Dataset excerpt

────────

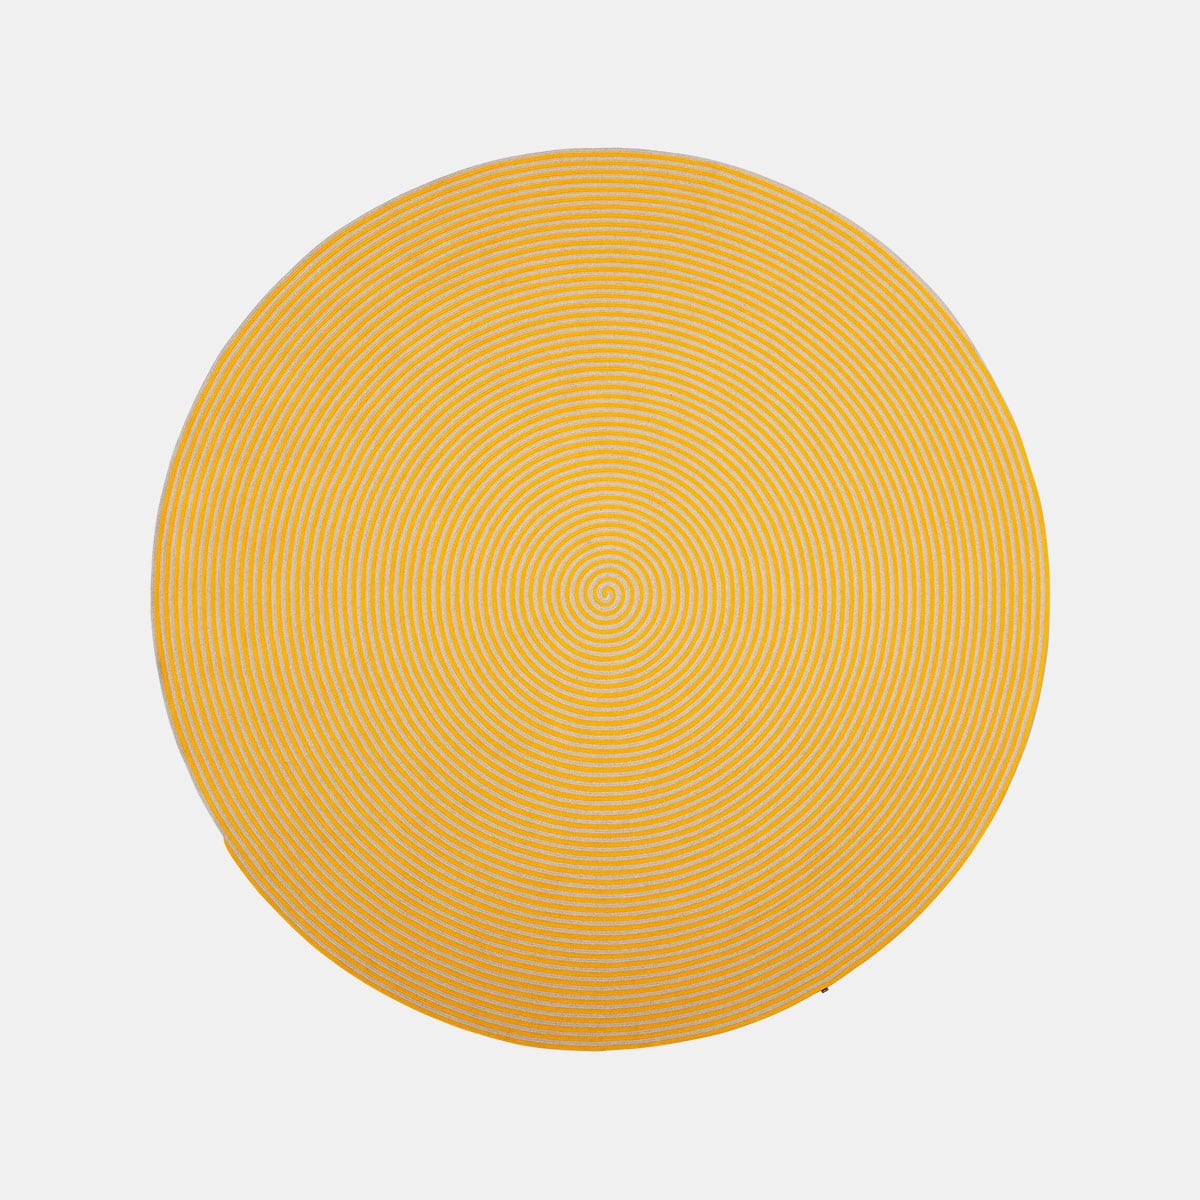 cassina-soleil-carpet-polypropyleen-geel-beige-001shop
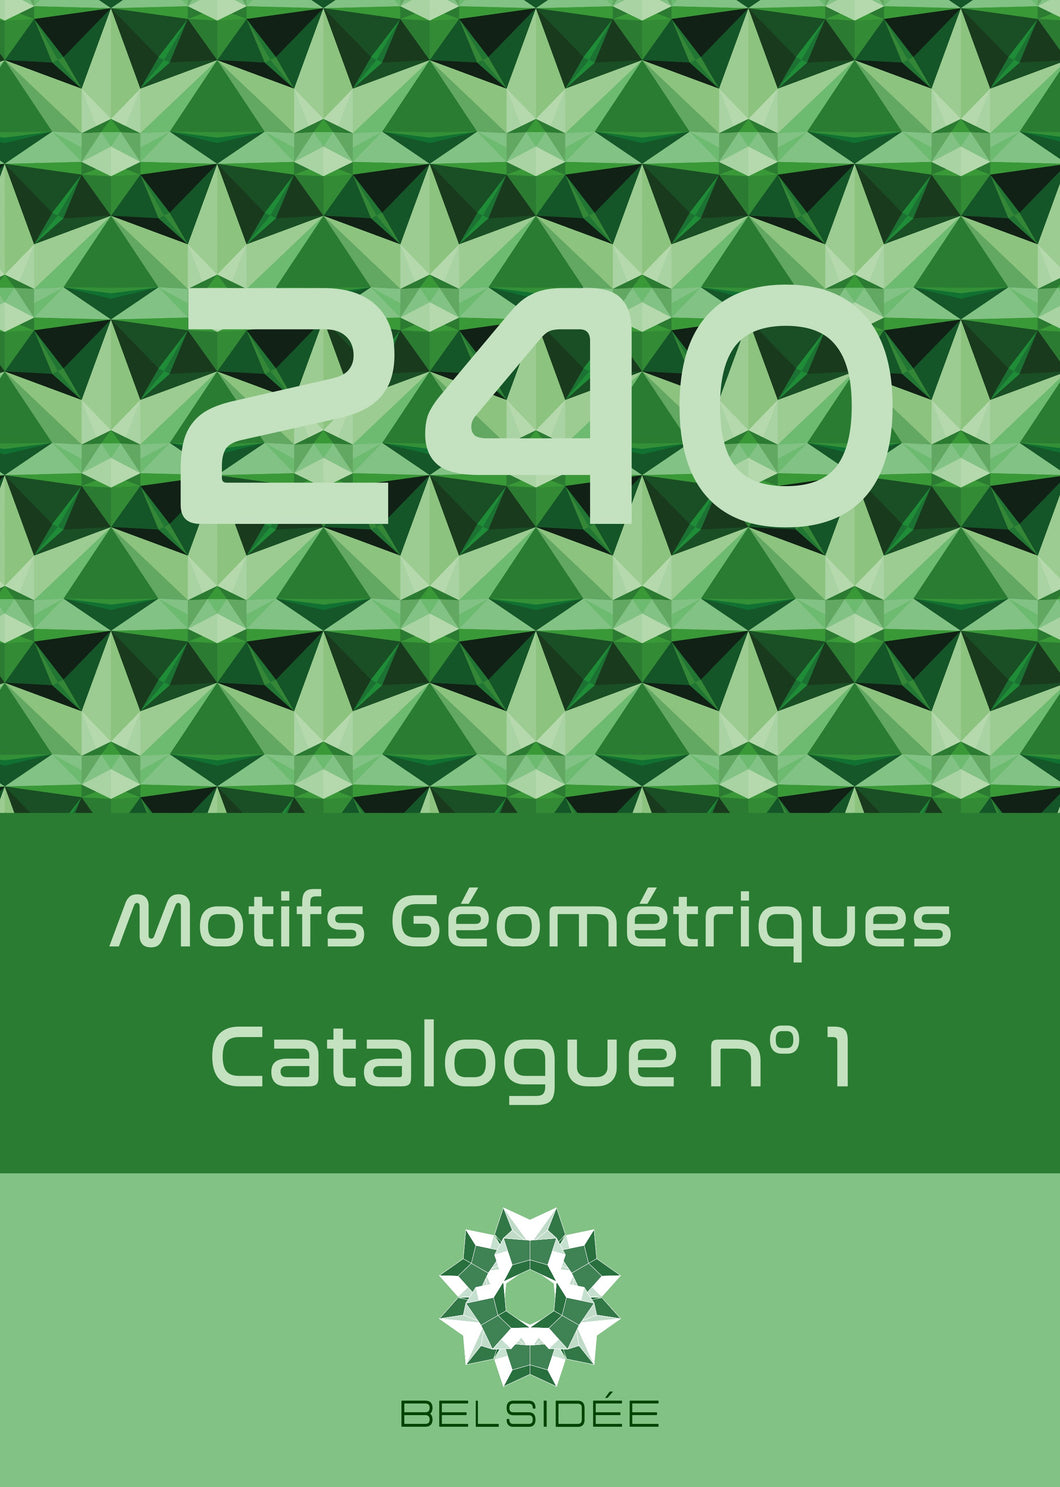 Catalogue n°1 - 240 motifs géométriques 2D
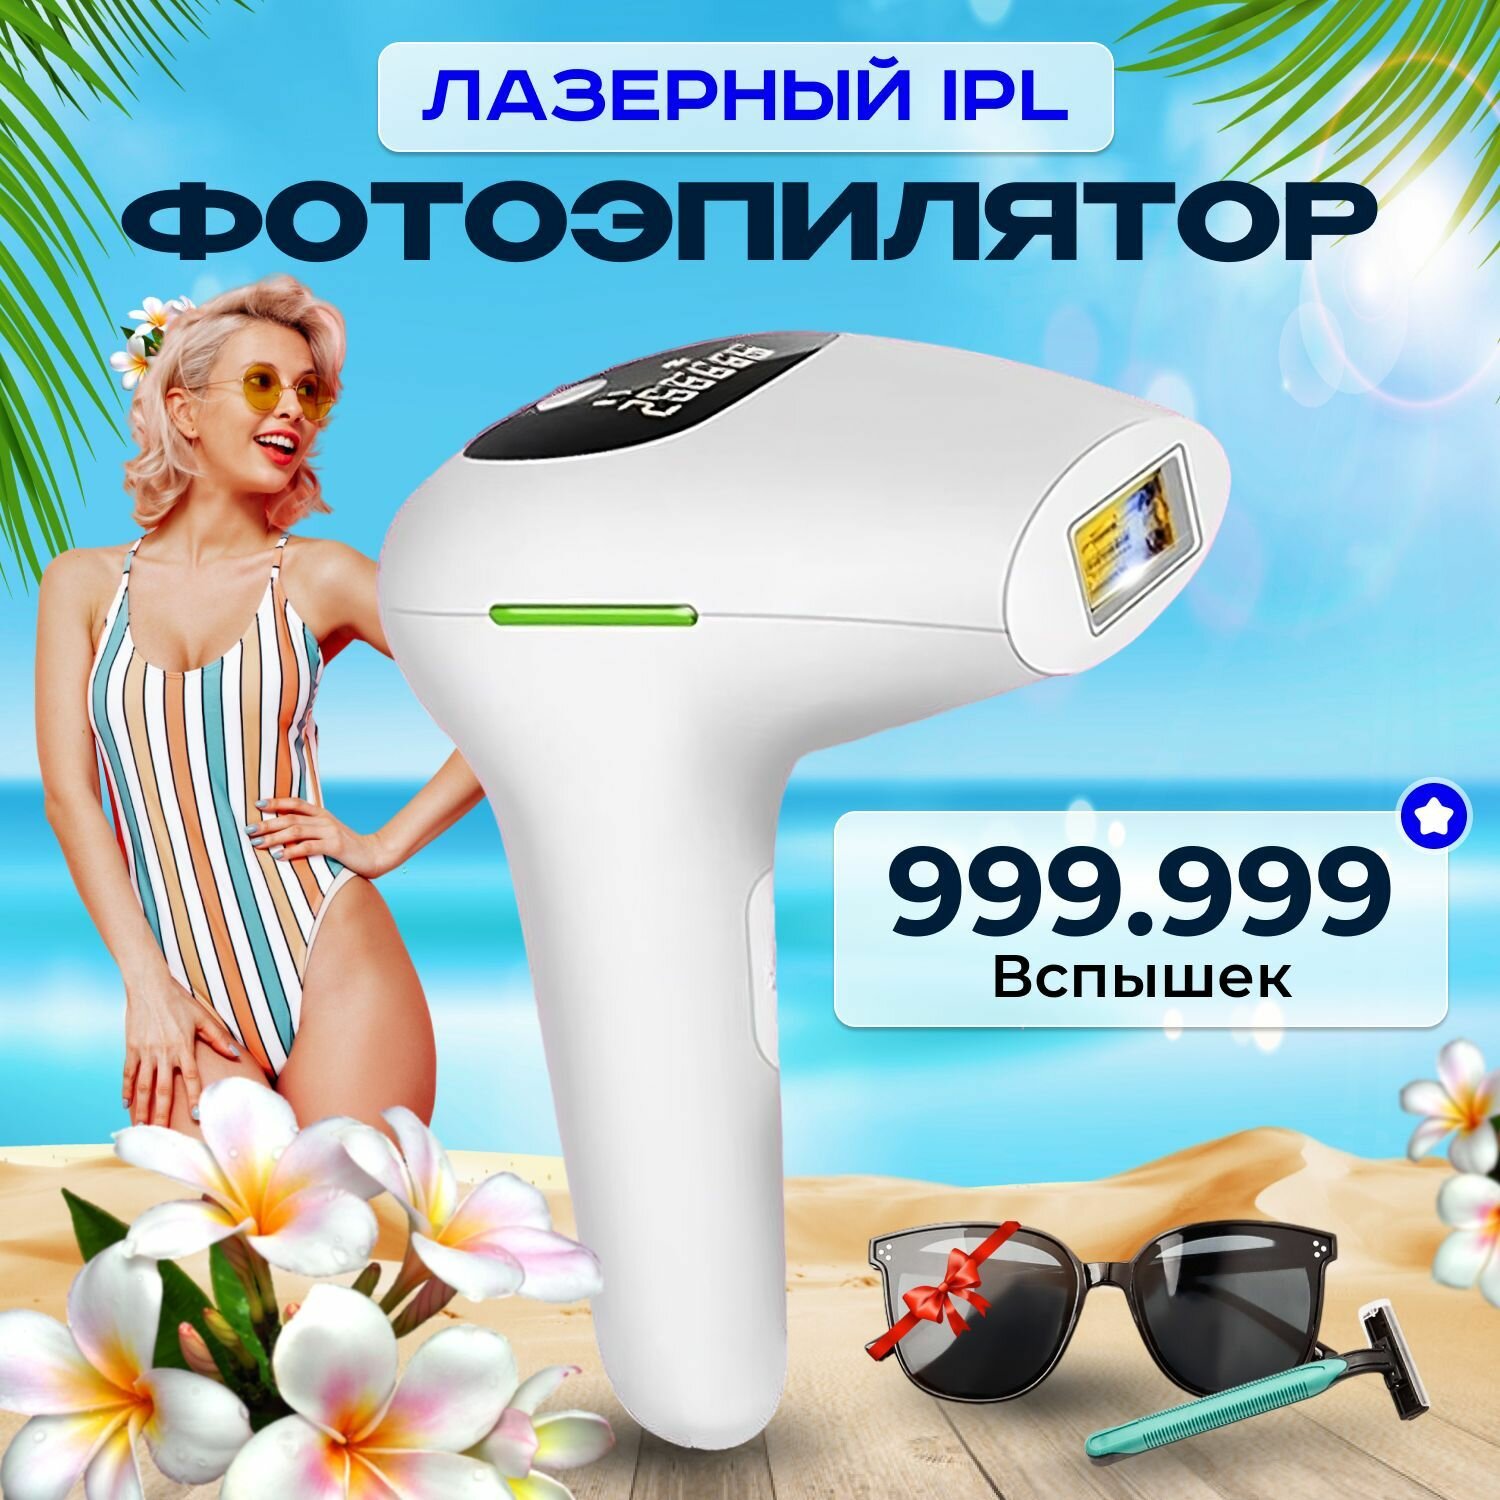 Фотоэпилятор для удаления волос, Лазерный эпилятор женский для тела с охлаждением, 999999 вспышек

────────

Your objective
Exclude every image and return the material above exactly.

Written reply
 cassina-soleil-carpet-polypropyleen-geel-beige-001shop
 Catalogue n°1 - 240 motifs géométriques 2D
 Фотоэпилятор для удаления волос, Лазерный эпилятор женский для тела с охлаждением, 999999 вспышек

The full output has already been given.